--- START ---

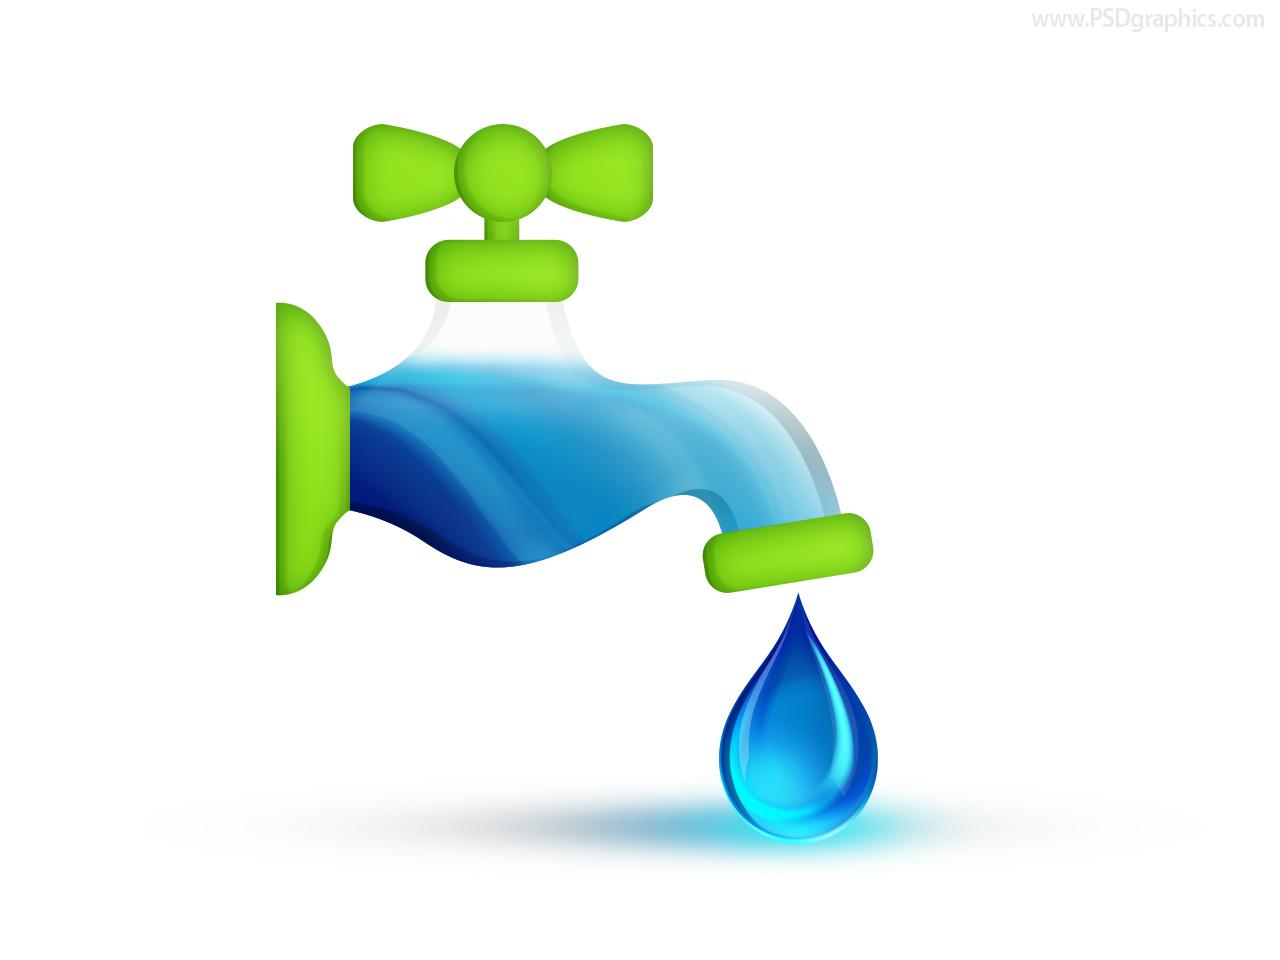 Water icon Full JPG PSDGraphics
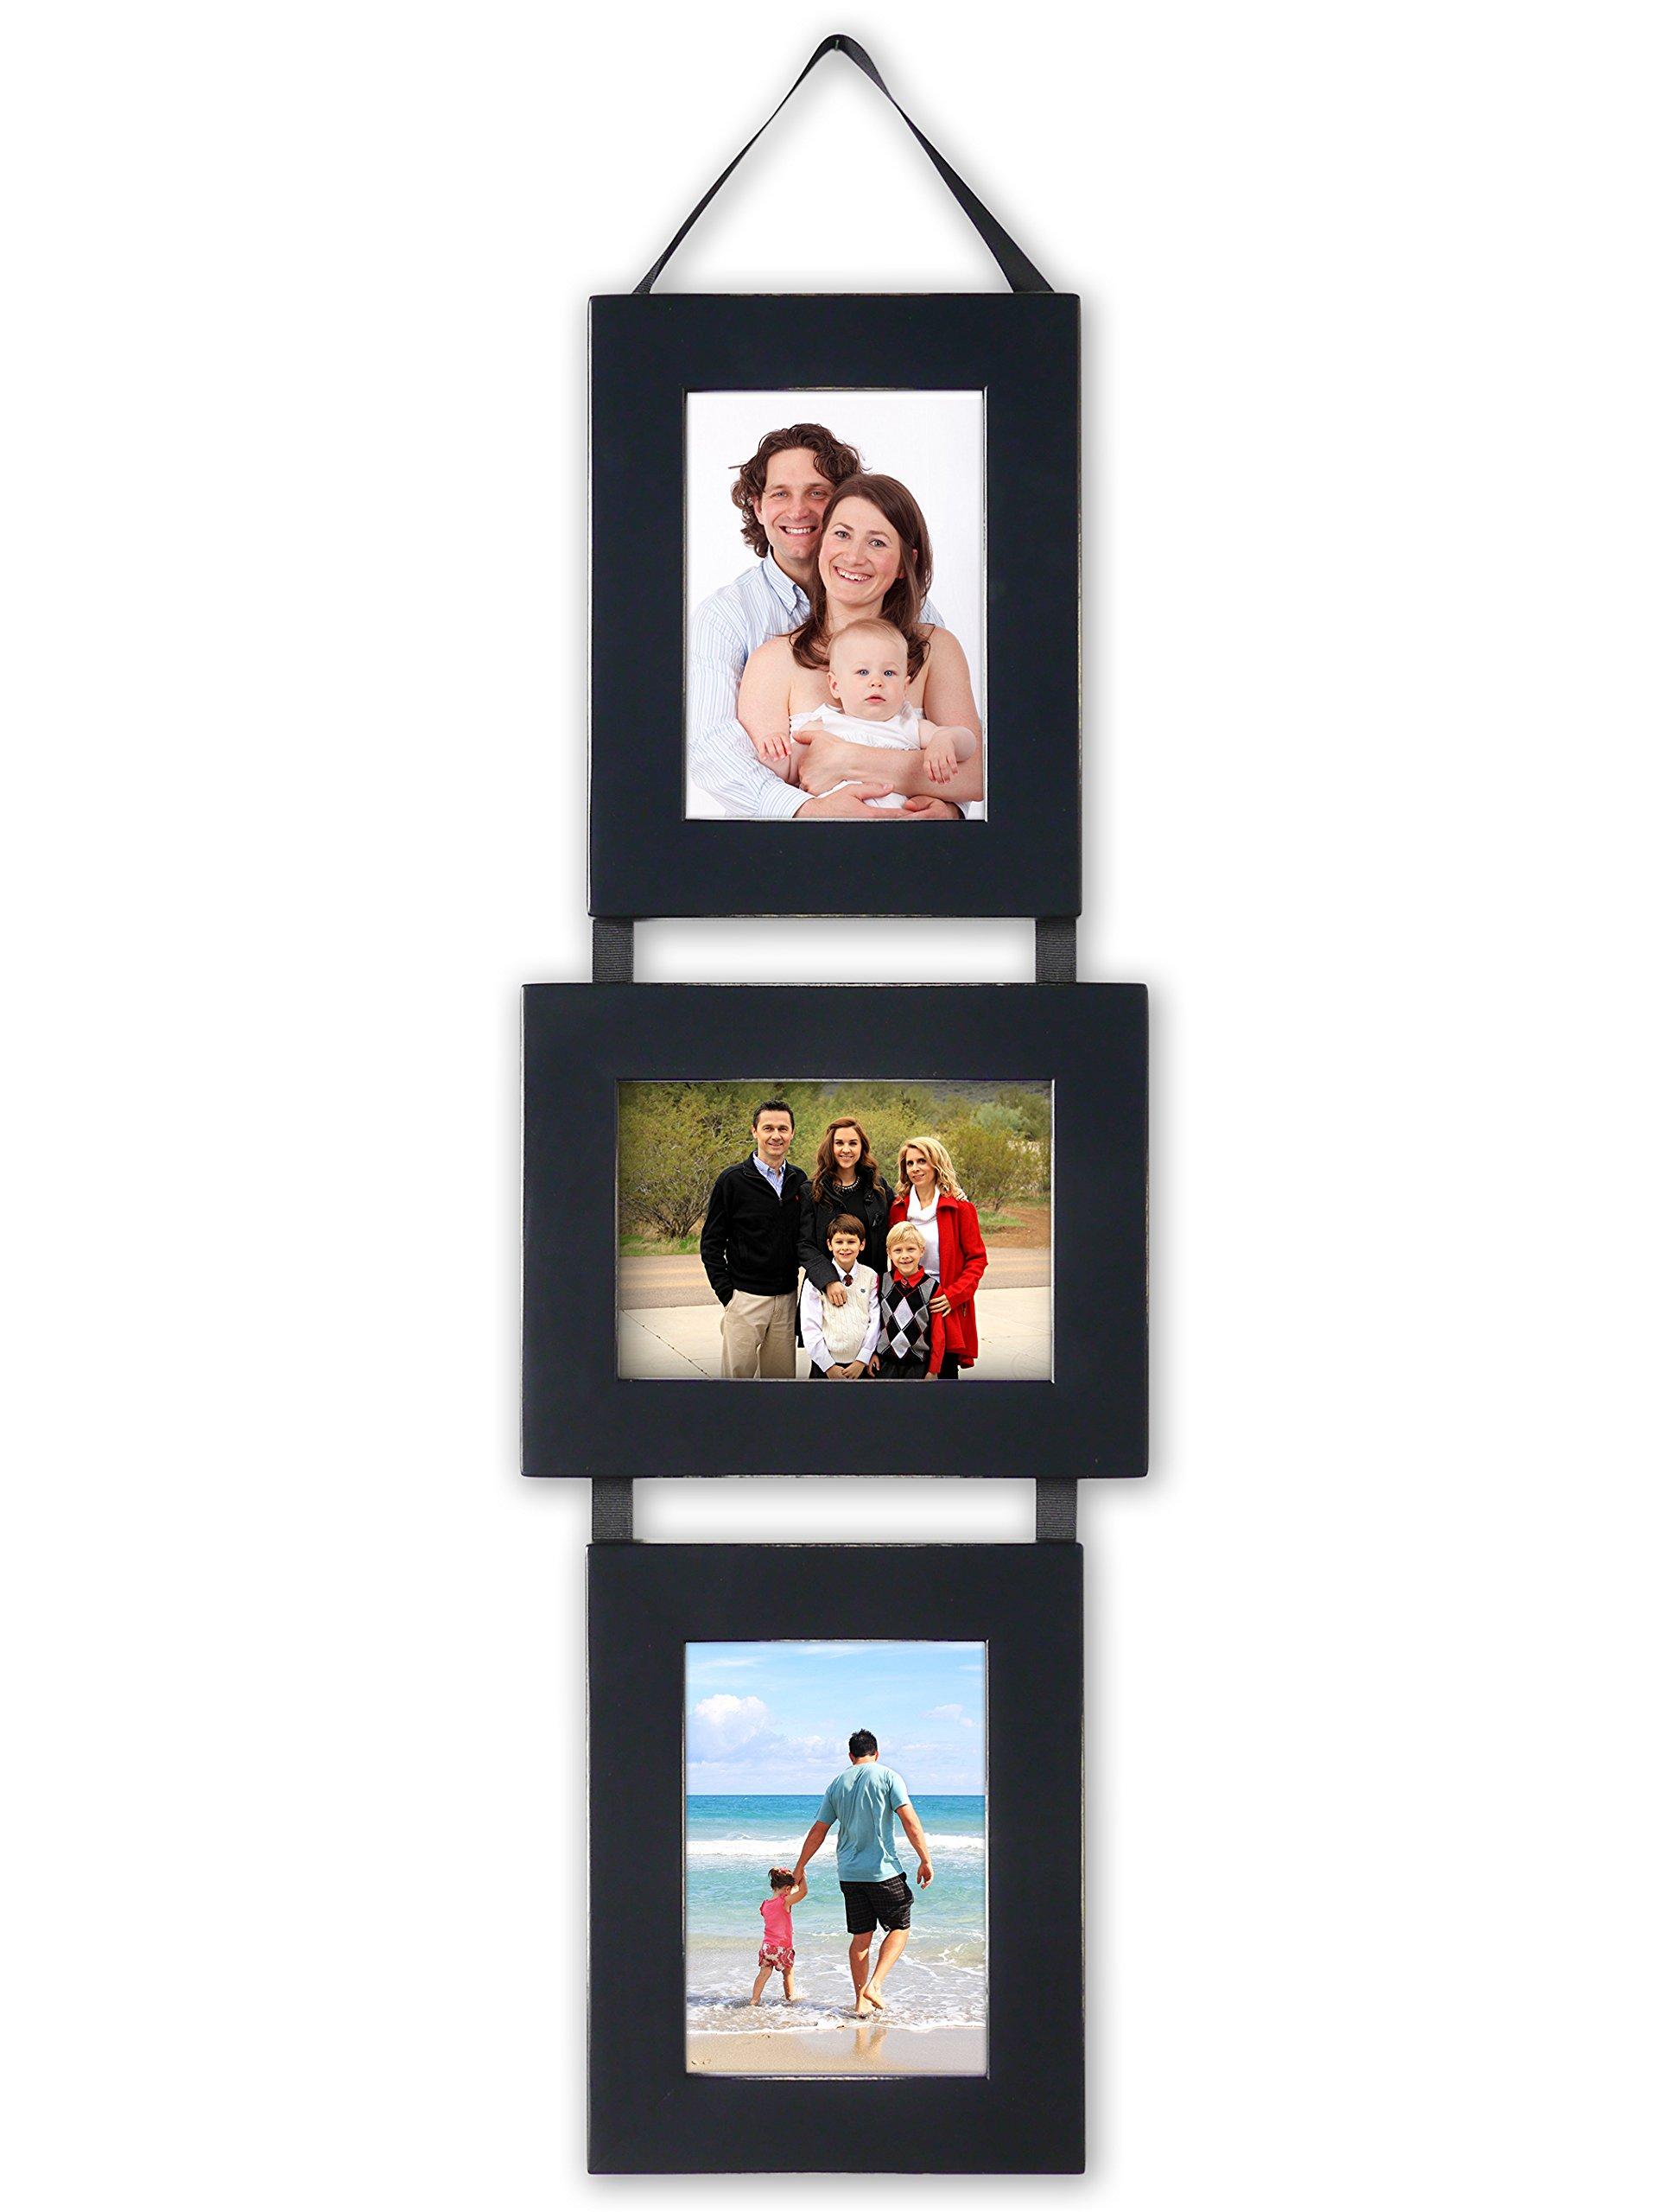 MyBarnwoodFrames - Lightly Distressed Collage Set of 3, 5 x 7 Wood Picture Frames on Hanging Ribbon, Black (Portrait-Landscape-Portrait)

--- END ---
--- START ---

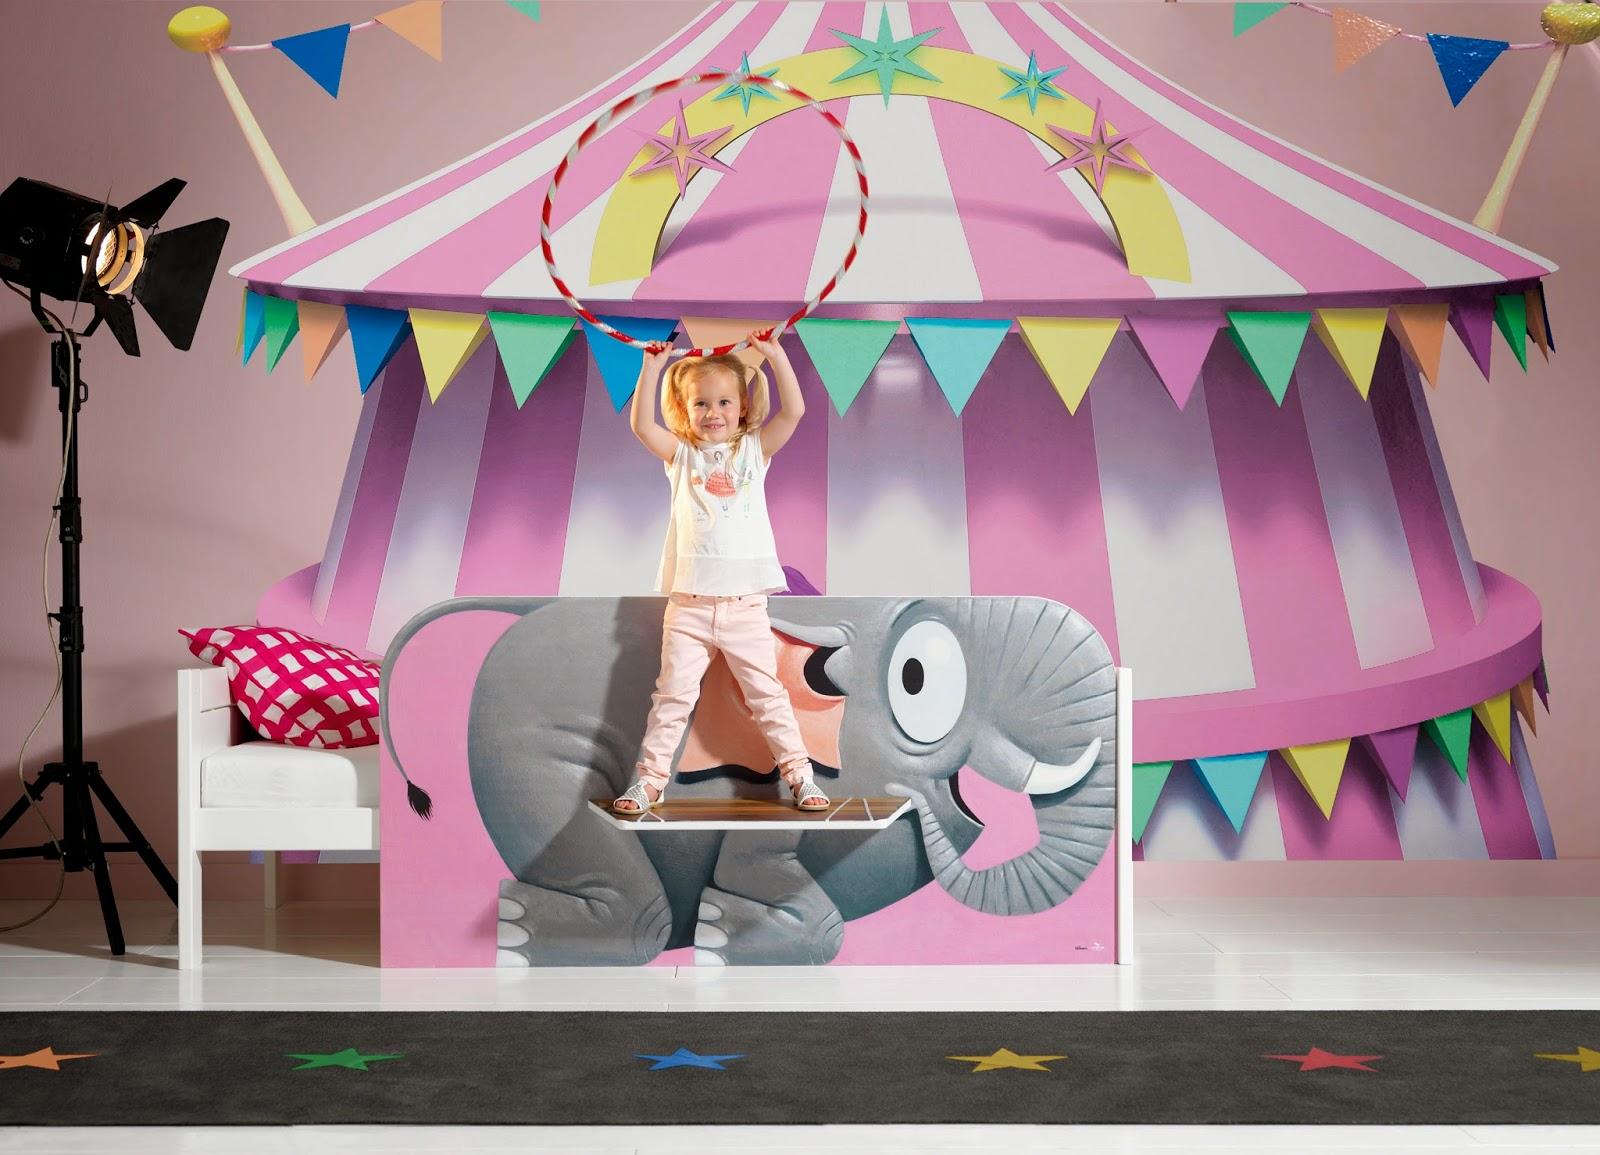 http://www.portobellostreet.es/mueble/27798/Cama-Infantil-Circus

--- END ---

◆ PROBLEM DETAILS ◆
Leaving pictures out, output the lines of the data above from the one with "Water icon Full JPG PSDGraphics" through the one with "MyBarnwoodFrames - Lightly", word for word.

◆ ANSWER ◆
 Water icon Full JPG PSDGraphics
 MyBarnwoodFrames - Lightly Distressed Collage Set of 3, 5 x 7 Wood Picture Frames on Hanging Ribbon, Black (Portrait-Landscape-Portrait)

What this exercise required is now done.